CFOs, Treasurers Believe Economy is Still in Recession

Despite the U.S. economy showing signs of stability in recent months, financial professionals there still maintain a recessionary view, according to an on-site survey conducted by the Association for Financial Professionals (AFP) during the organisation’s annual conference.


According to AFP, the uncertain outlook for near-term business conditions parallels expectations that the organisations of the respondents will not resume hiring or capital spending, which they had halted over the past year.


The survey says that just 11% of responding conference attendees —which include CFOs, treasurers and other treasury and finance executives representing companies of a median size of $1.5 billion in annual revenues—believe that the U.S. economy is out of the recession. The outlook for the near-term is not much more optimistic. Just 20% of survey respondents believe the recession will end before of the year while 69% expect the recession will continue well into 2010.

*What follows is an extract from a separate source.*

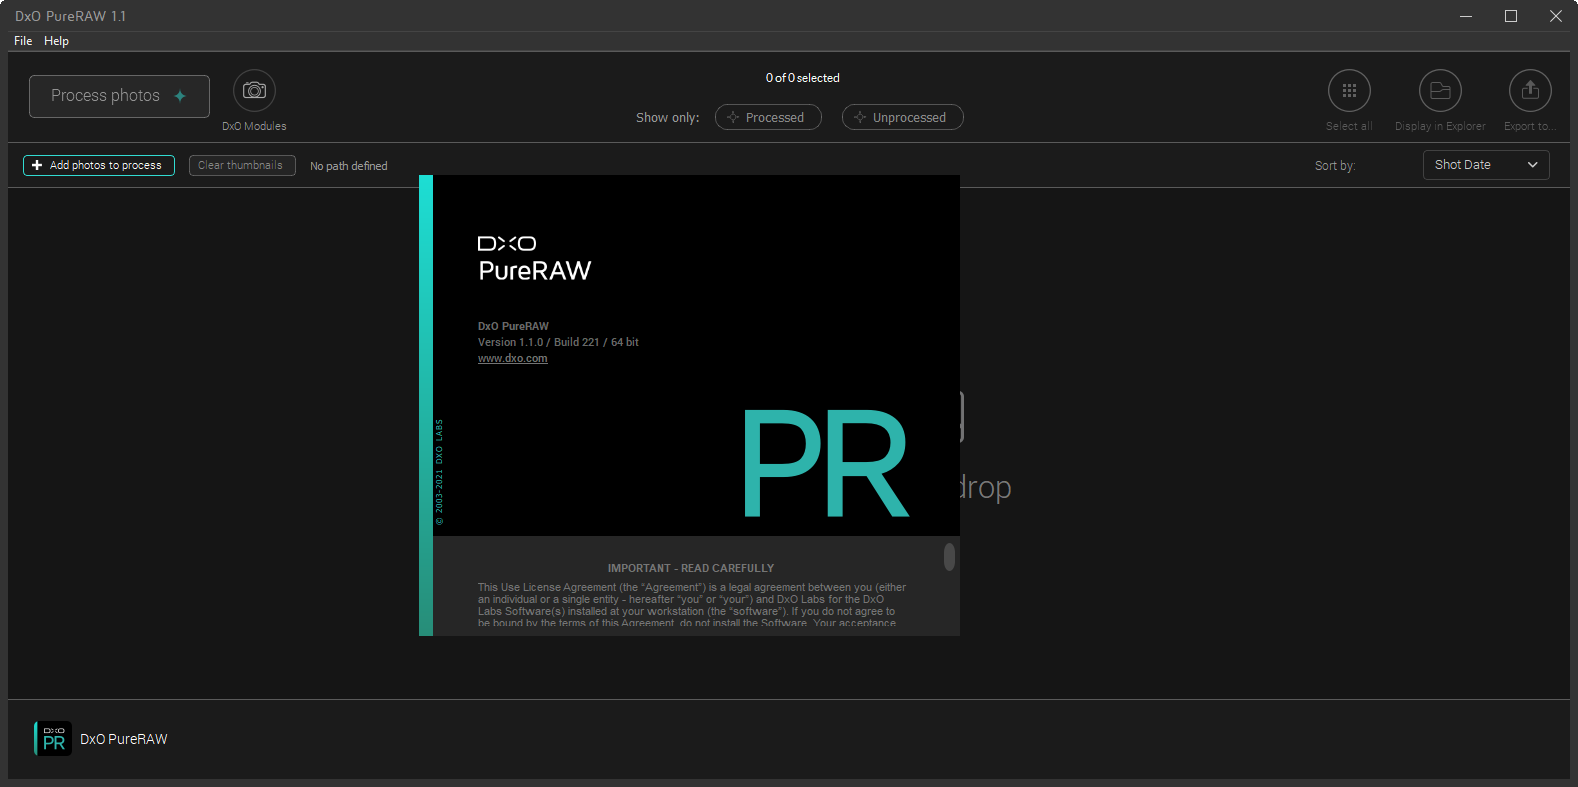 DxO PureRAW 3.3.1.14 download the last version for windows

In the survey, AFP asked respondents whether their organisations would be apt to increase or decrease payrolls in the next six months, and the response: nearly two-thirds of financial professionals say they expect to maintain payrolls at current levels. Of those responding, 22% expect company payrolls to shrink further while just 14% anticipate that their organisation will resume hiring over the next six months. Similarly, the overwhelming majority of survey respondents expect to either maintain or further cut capital spending over the next six months. Just 21% of financial professionals anticipate their organisation will increase capital spending in the coming months.

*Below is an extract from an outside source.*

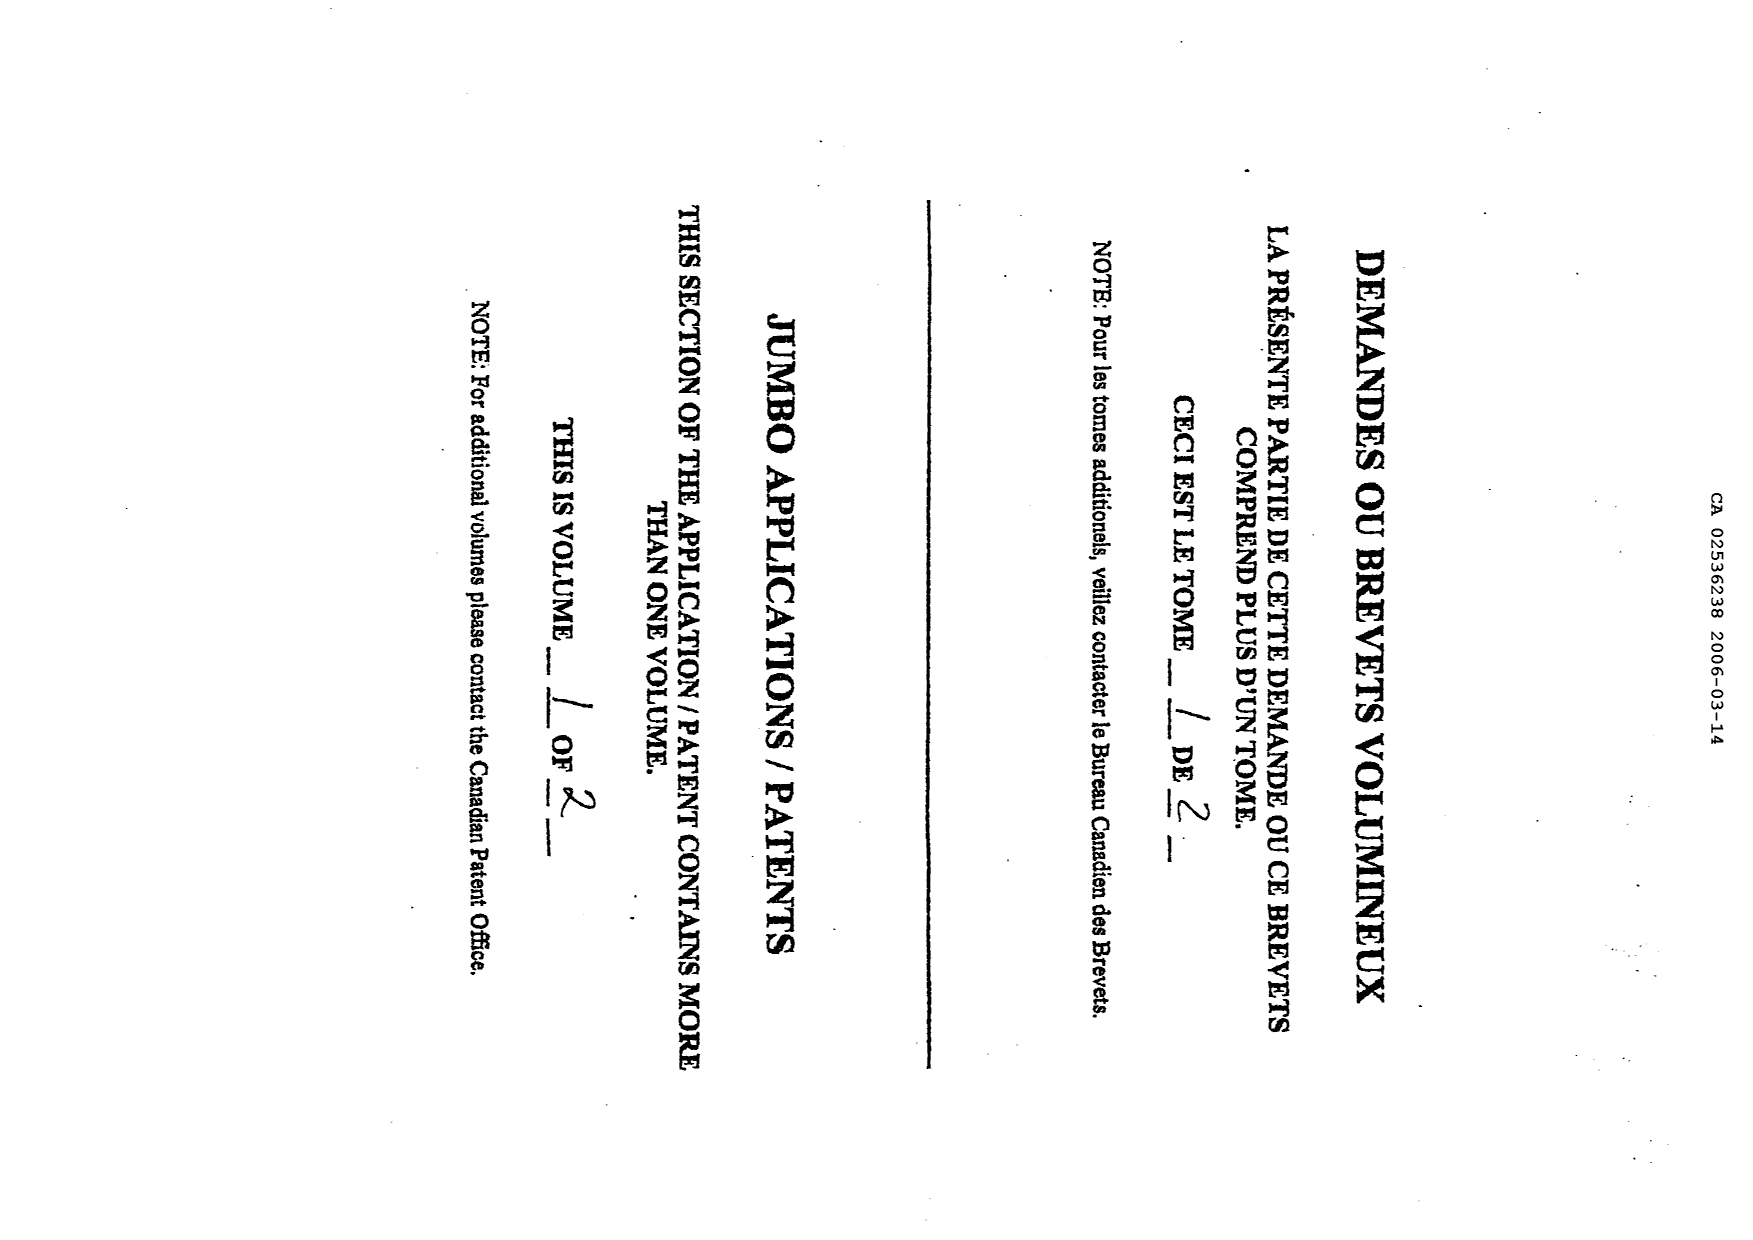 Canadian Patent Document 2536238. Prosecution-Amendment 20060314. Image 1 of 250

As employment and capital spending have stabilised, so has their companies’ access to capital, says AFP. More than half of respondents indicate that their organisations’ access to capital stabilized over the past six months. Further, the area where capital access may have improved is among companies that have utilized the debt markets—31% of organisations have had improved access to debt markets over the past six months. Access to banking lending has improved for 22% of respondents while a similar percentage report improvements in raising capital in the equity markets.


When asked about the greatest risk to their organisation’s ability to prosper in 2010, financial professionals were most likely to identify one of two threats: failure of consumer demand to materialize (30%) and the possibility of a double dip recession (28%). Consistent with the reported stability in capital markets above, only 12% of survey respondents see a loss of access to capital as the greatest risk to their organisation.